■ Exercise data:
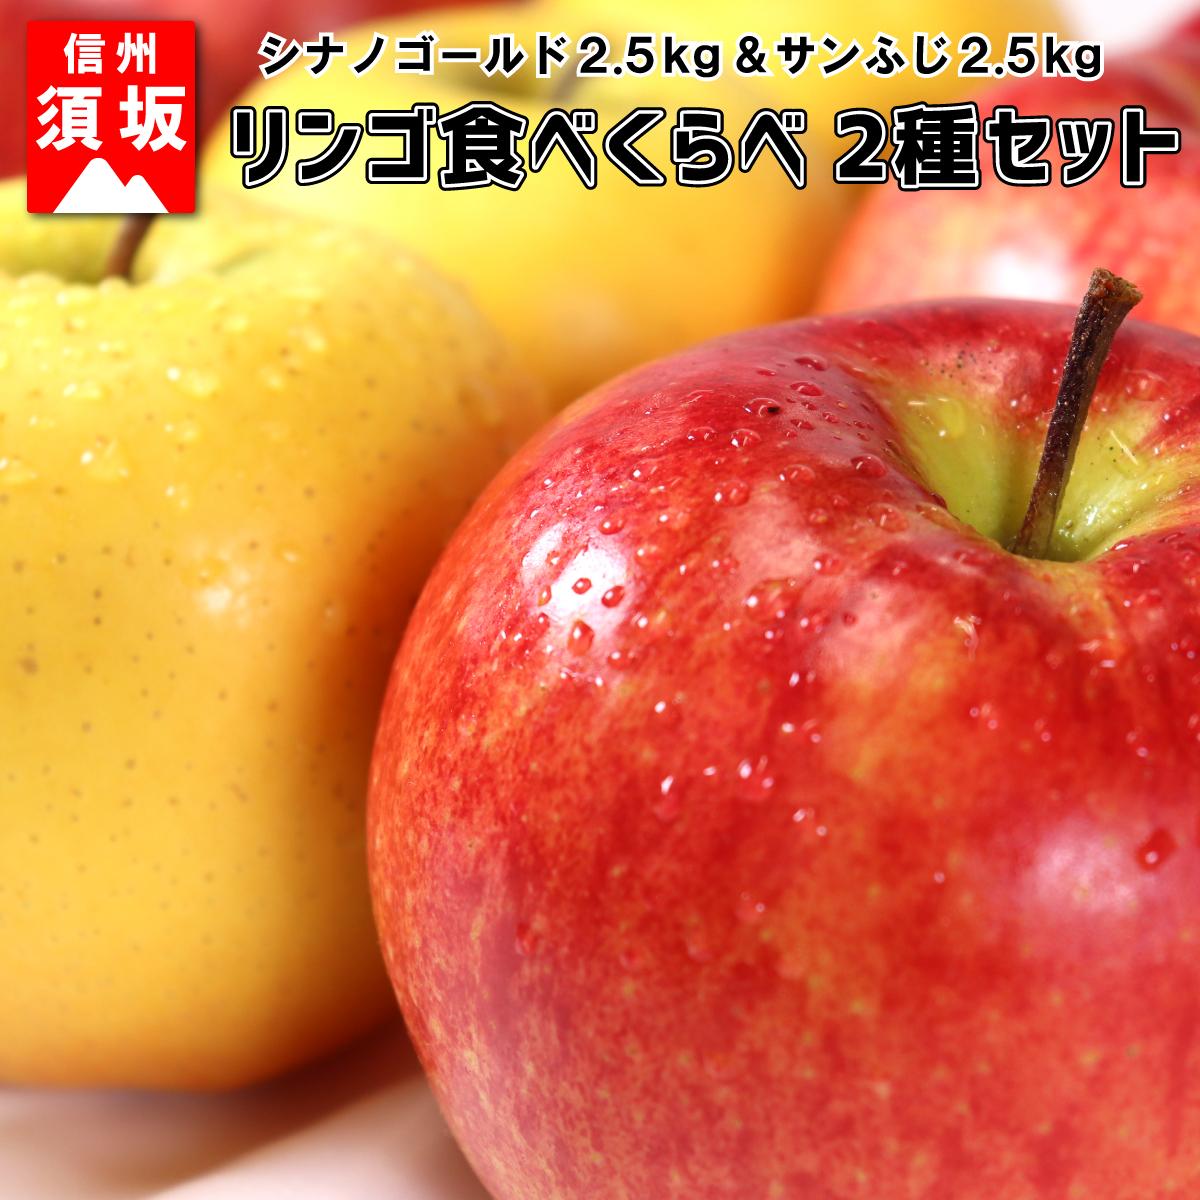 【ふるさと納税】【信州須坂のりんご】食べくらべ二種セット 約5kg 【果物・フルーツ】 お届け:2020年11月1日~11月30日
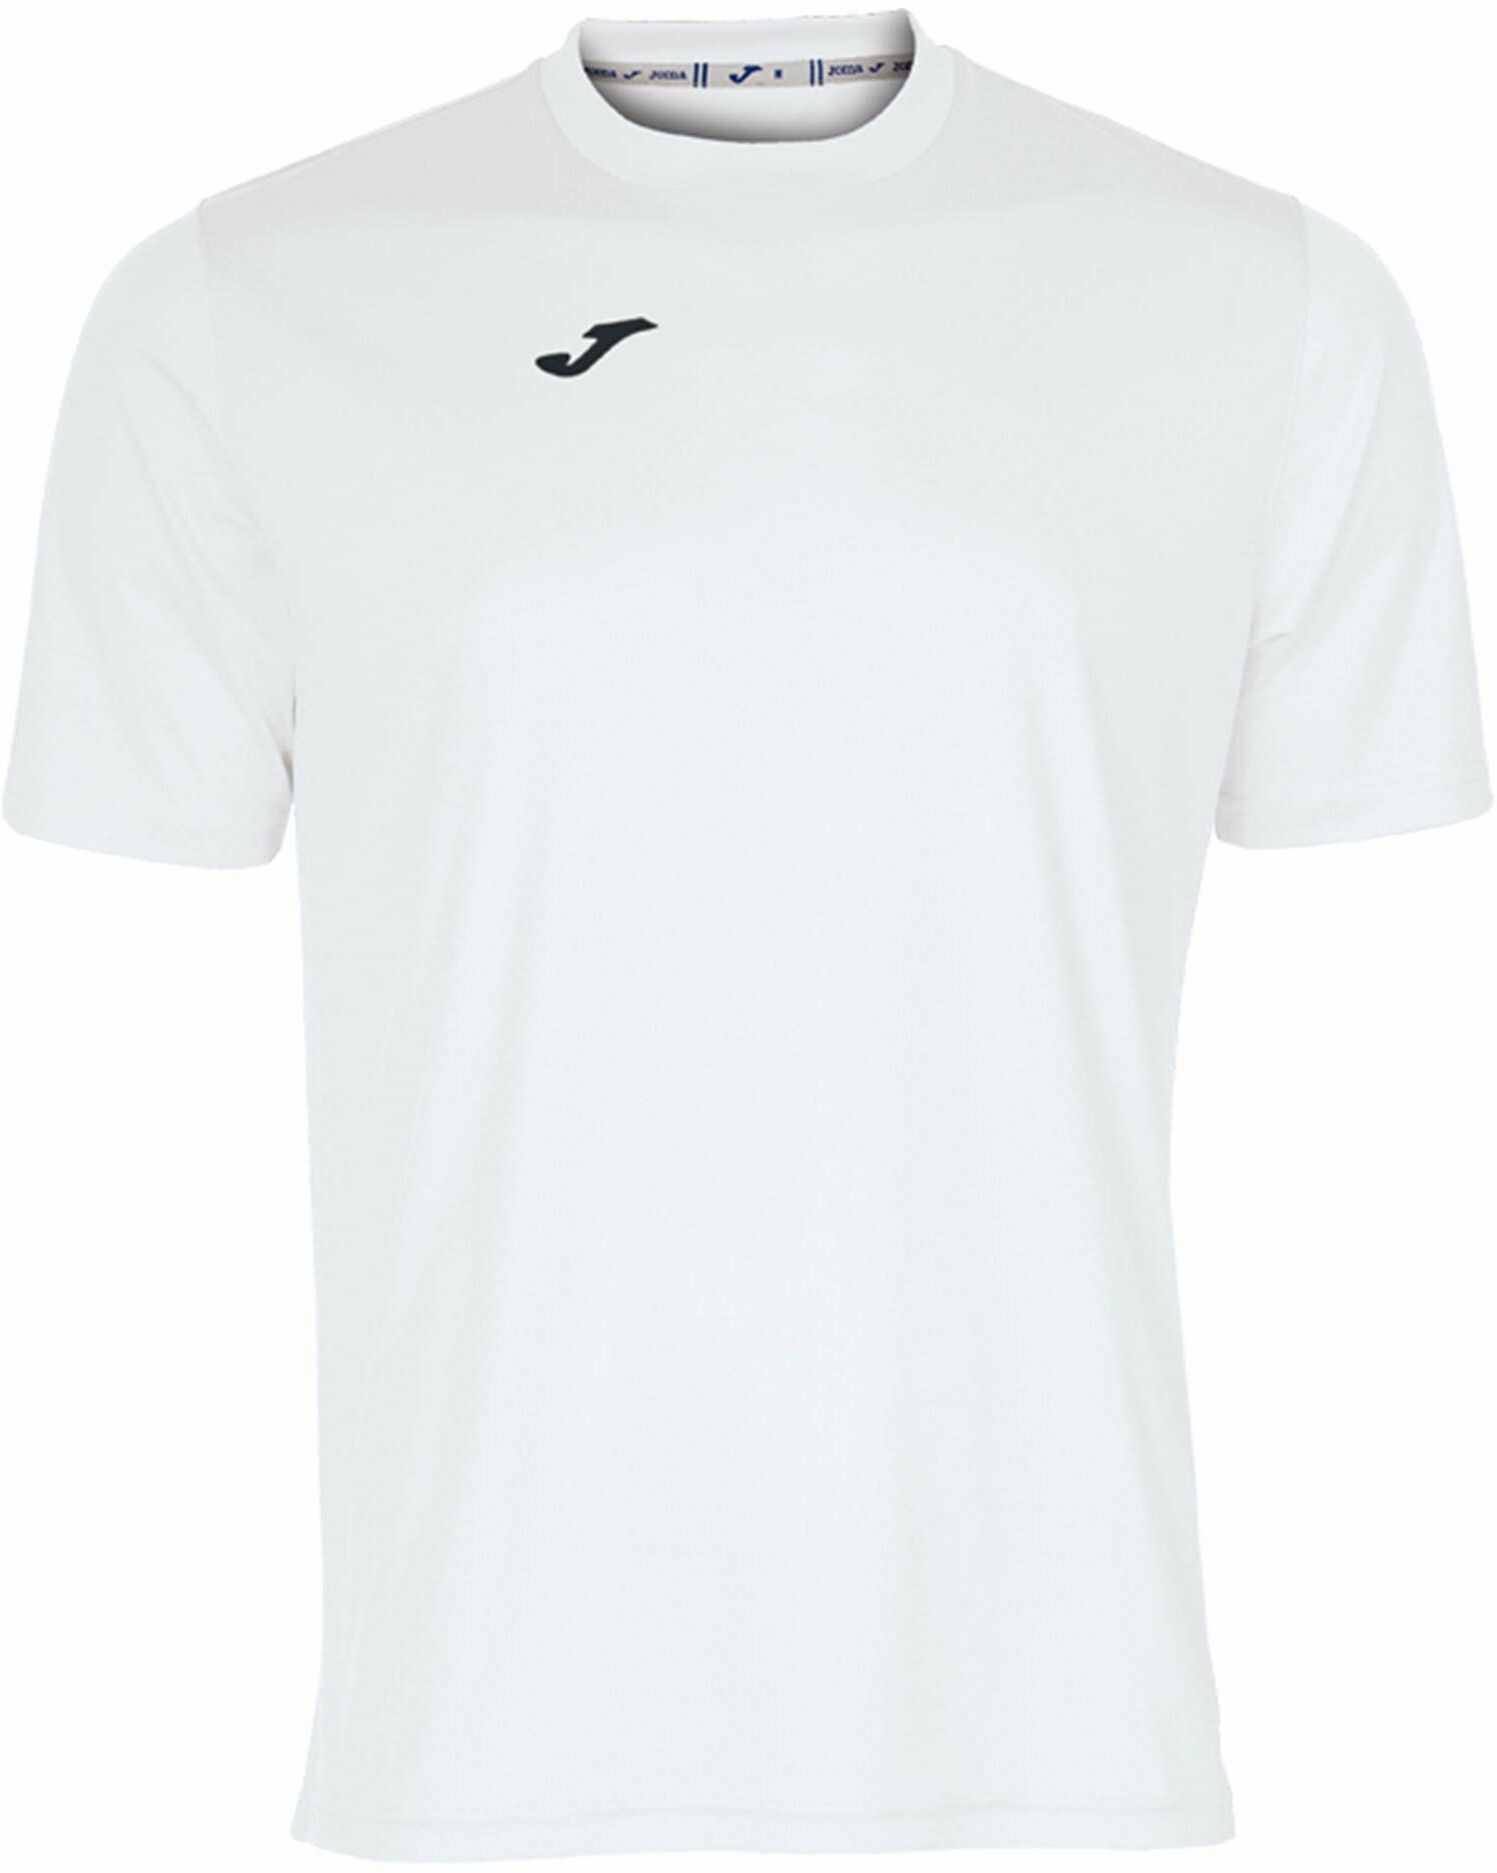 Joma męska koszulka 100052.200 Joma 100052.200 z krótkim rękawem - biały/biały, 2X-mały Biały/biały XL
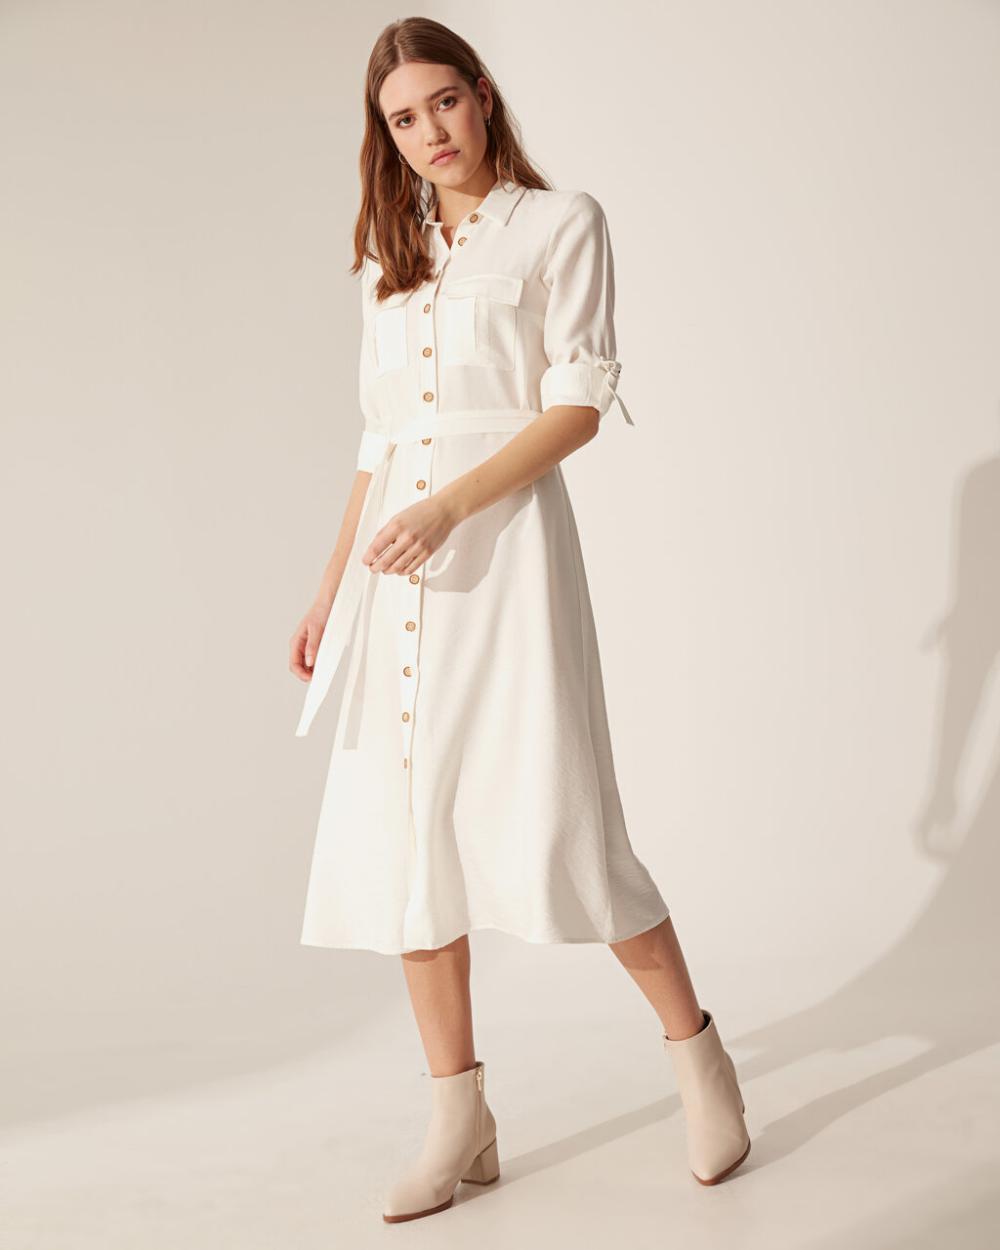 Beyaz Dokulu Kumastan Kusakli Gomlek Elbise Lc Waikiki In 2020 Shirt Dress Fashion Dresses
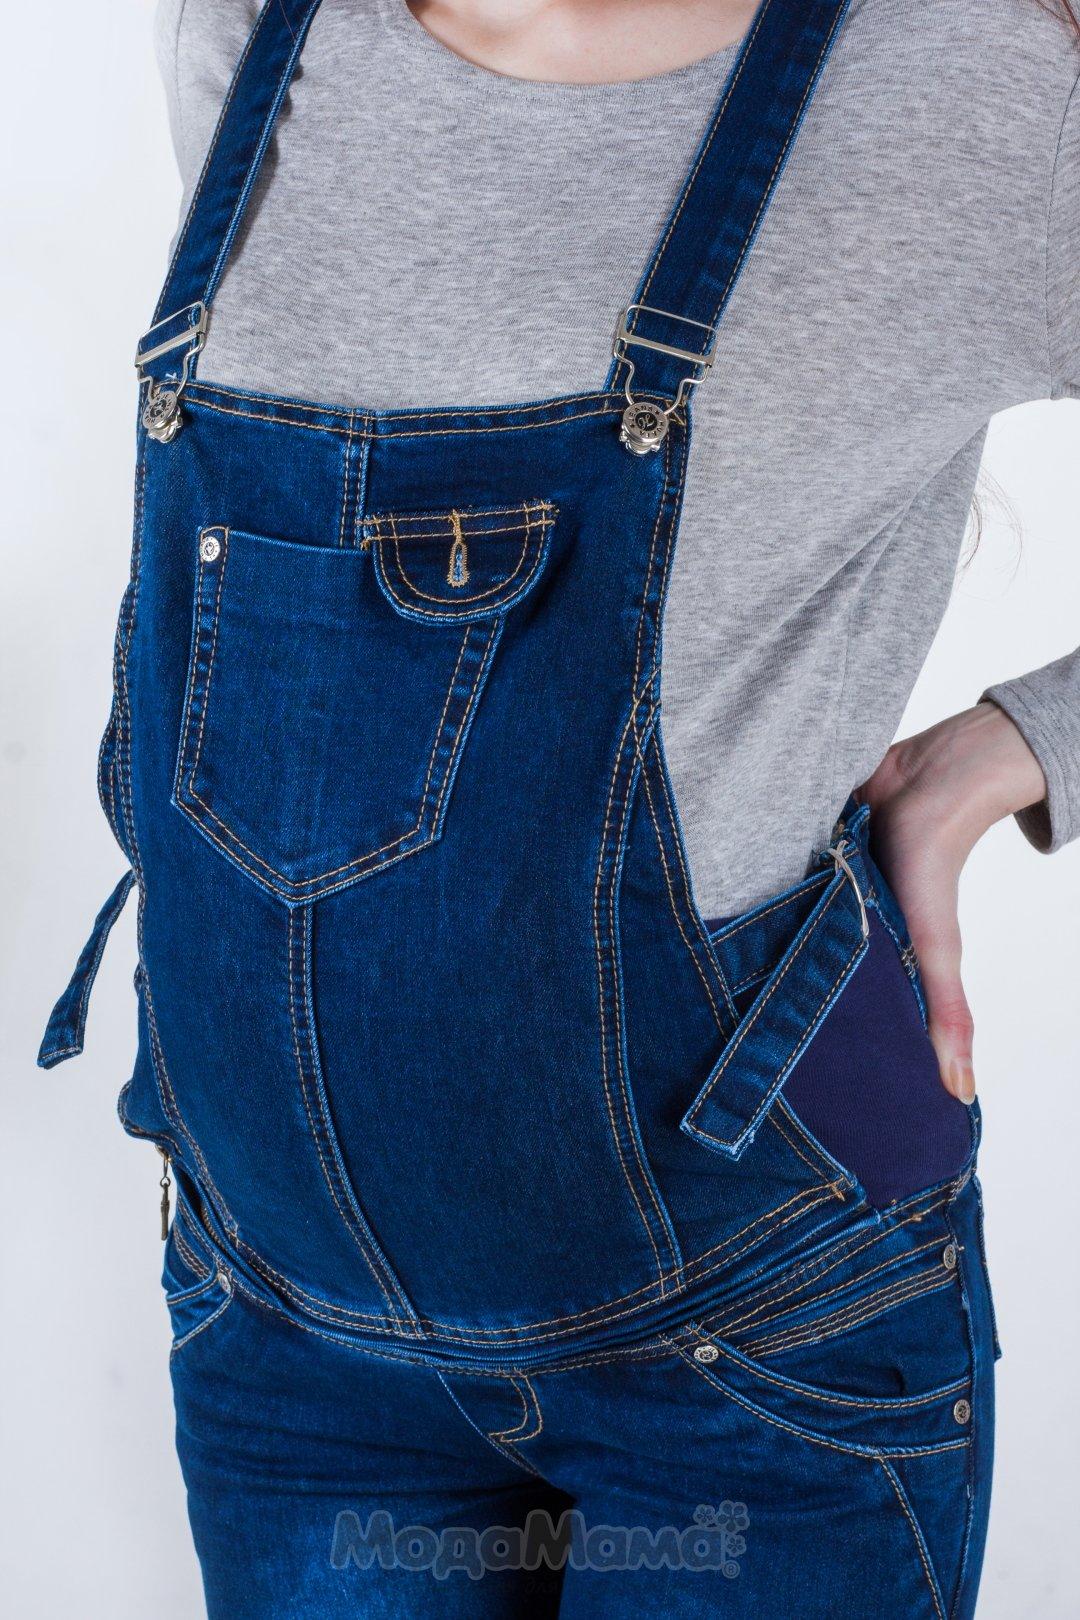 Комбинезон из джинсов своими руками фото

■ Goal of the exercise: Starting at the line with "Joma męska koszulka" and stopping at the final line of the material, reproduce each line exactly, both ends included. Leave the pictures out.

■ Finished task:
 Joma męska koszulka 100052.200 Joma 100052.200 z krótkim rękawem - biały/biały, 2X-mały Biały/biały XL
 Beyaz Dokulu Kumastan Kusakli Gomlek Elbise Lc Waikiki In 2020 Shirt Dress Fashion Dresses
 Комбинезон из джинсов своими руками фото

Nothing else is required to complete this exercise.